Chapter 2 Proposal

2.1 Research topic

Our research topic is U.S. Population Migration patterns from 1990 until 2020. The goal is to explore the inflow and outflow of people between states and counties within the United States of America. With this data, there is an opportunity to create visualizations to detect patterns not only based on geographic location, but also across different age groups and income levels.

Data exploration and the analysis will be cemented on the Migration Data Users guide published by the Internal Revenue Service (IRS).

2.2 Data availability

The data is made available, collected, and maintained by the Internal Revenue Service (IRS), which is a bureau of the Department of the Treasury and one of the world’s most efficient tax administrators. In the fiscal year 2020, the IRS collected almost $3.5 trillion in revenue and processed more than 240 million tax returns. The IRS maintains a lot of tax statistics data with respect to a variety of fields like business tax, individual tax, charities, etc.

The migration data is derived from Form 1040 which is filed by residents of the United States of America. The tax return data of an individual are matched based on their Tax Identification Number (TIN). After the matching procedure is completed, these are classified into one of 4 categories :

  • Non-migrant returns,
  • Migrant return - different state,
  • Migrant return - same state - different county,
  • Migrant return - foreign

2.2.1 Data Format and Frequency

The data is publicly available as zipped Excel files (.xls) on the IRS website, composing multiple datasets for each fiscal year. To import the data, we need to download these files to our local computers and then upload to RStudio, which is the software we will use to conduct the analysis.

The IRS leverages the change in address on the Tax return from one year to another year to generate the migration data. Despite the fact that the IRS provides help services for individuals and businesses looking at their tax returns, there is no contact information for data-related issues. As we encounter questions about the data, our approach will be to explore the online resources available on their website.

2.2.2 Scope

The primary data that we will be analyzing is the summary of the migration flows within the states for 5 years from 2015 to 2020. This data contains the following fields:

  • The number of returns: which indicates the number of households that migrated.
  • The number of individuals: which indicates the number of individuals that migrated.
  • Adjusted Gross income: which indicates the gross income after deducting certain adjustments like dividends, interests, etc…
  • Age: which indicates the age of individuals filing their return
  • Geographical data: Geographical data like State name, State code are also included.
  • Migration status: Migration statuses like Inflow, Outflow, Same state migration is included in the data.

The data for each state is split into 7 categories based on the adjusted gross income of the household.

In addition to this, in case we discover any particular trend or anomaly for a state, we plan to use more granular data per state. This data contains the following fields:

  • Destination information
  • The number of returns: which indicates the number of households that migrated.
  • The number of individuals: which indicates the number of individuals that migrated.
  • Adjusted Gross income: which indicates the gross income after deducting certain adjustments like dividends, interests, etc..

2.2.3 Data Quality

It is important to note that the data does not represent the entire US population because there can be several individuals who might not be filing tax returns despite having an income.

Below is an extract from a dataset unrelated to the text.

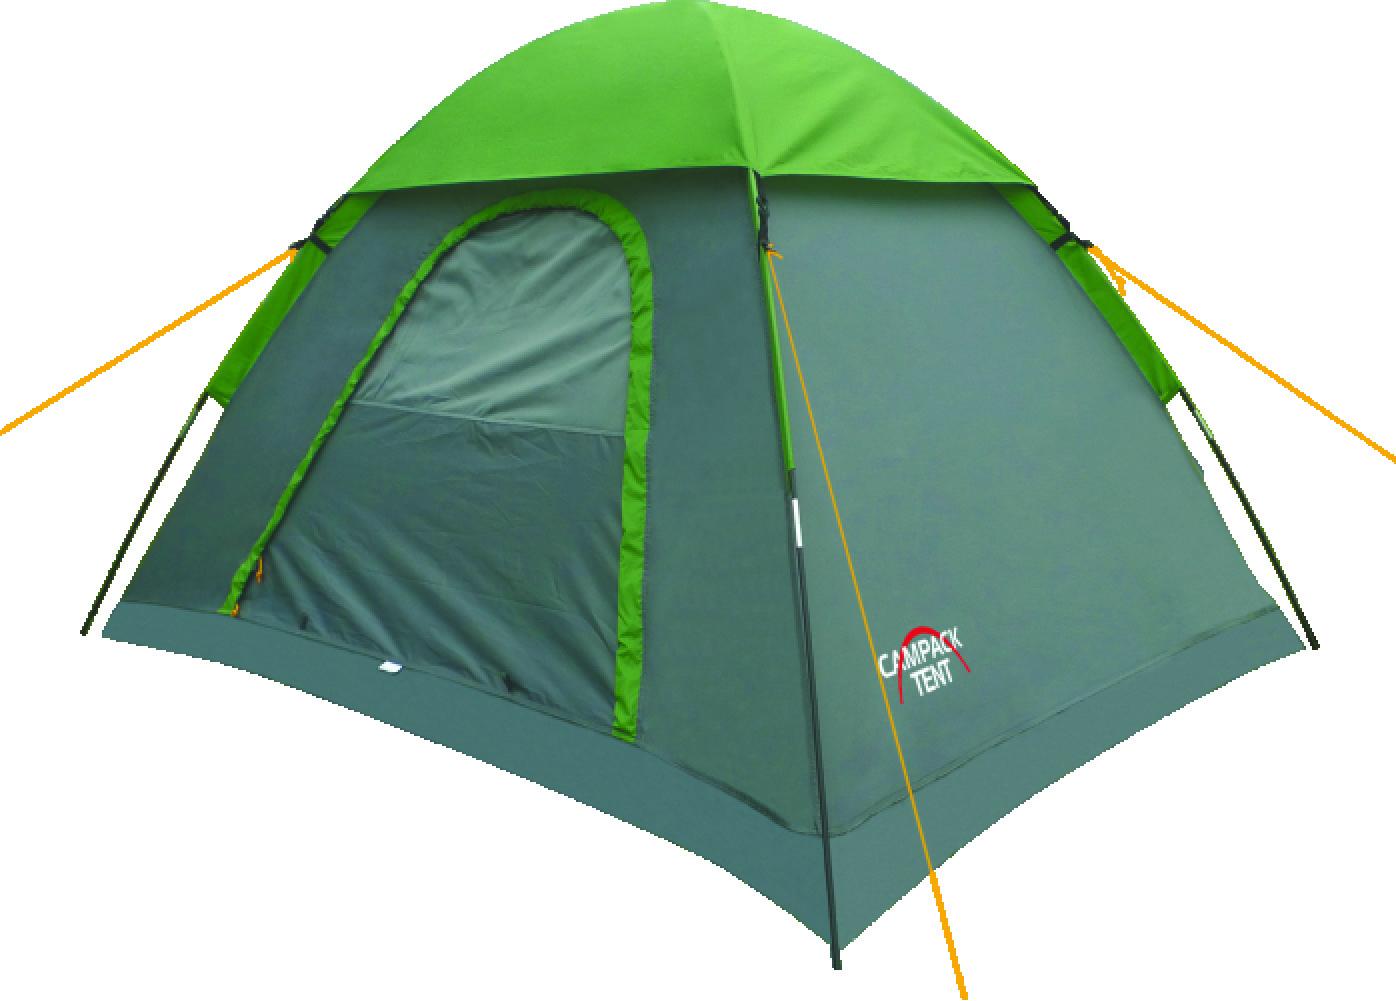 Палатка туристическая CAMPACK-TENT Free Explorer 2 палатка трехместная campack tent breeze explorer 3

Tax returns that are filled without a state code or with an incorrect state code are excluded. Similarly, if someone filed their tax return after September of a given year, it will not be included to maintain uniformity. Returns received in 2019 indicate the income earned in 2018, and returns received in 2020 indicate the income that was earned in 2019, and so on.

The migration data cannot be compared to other data that relates to sources of income (SOI) because the migration data only compares the tax returns for 2 consecutive years.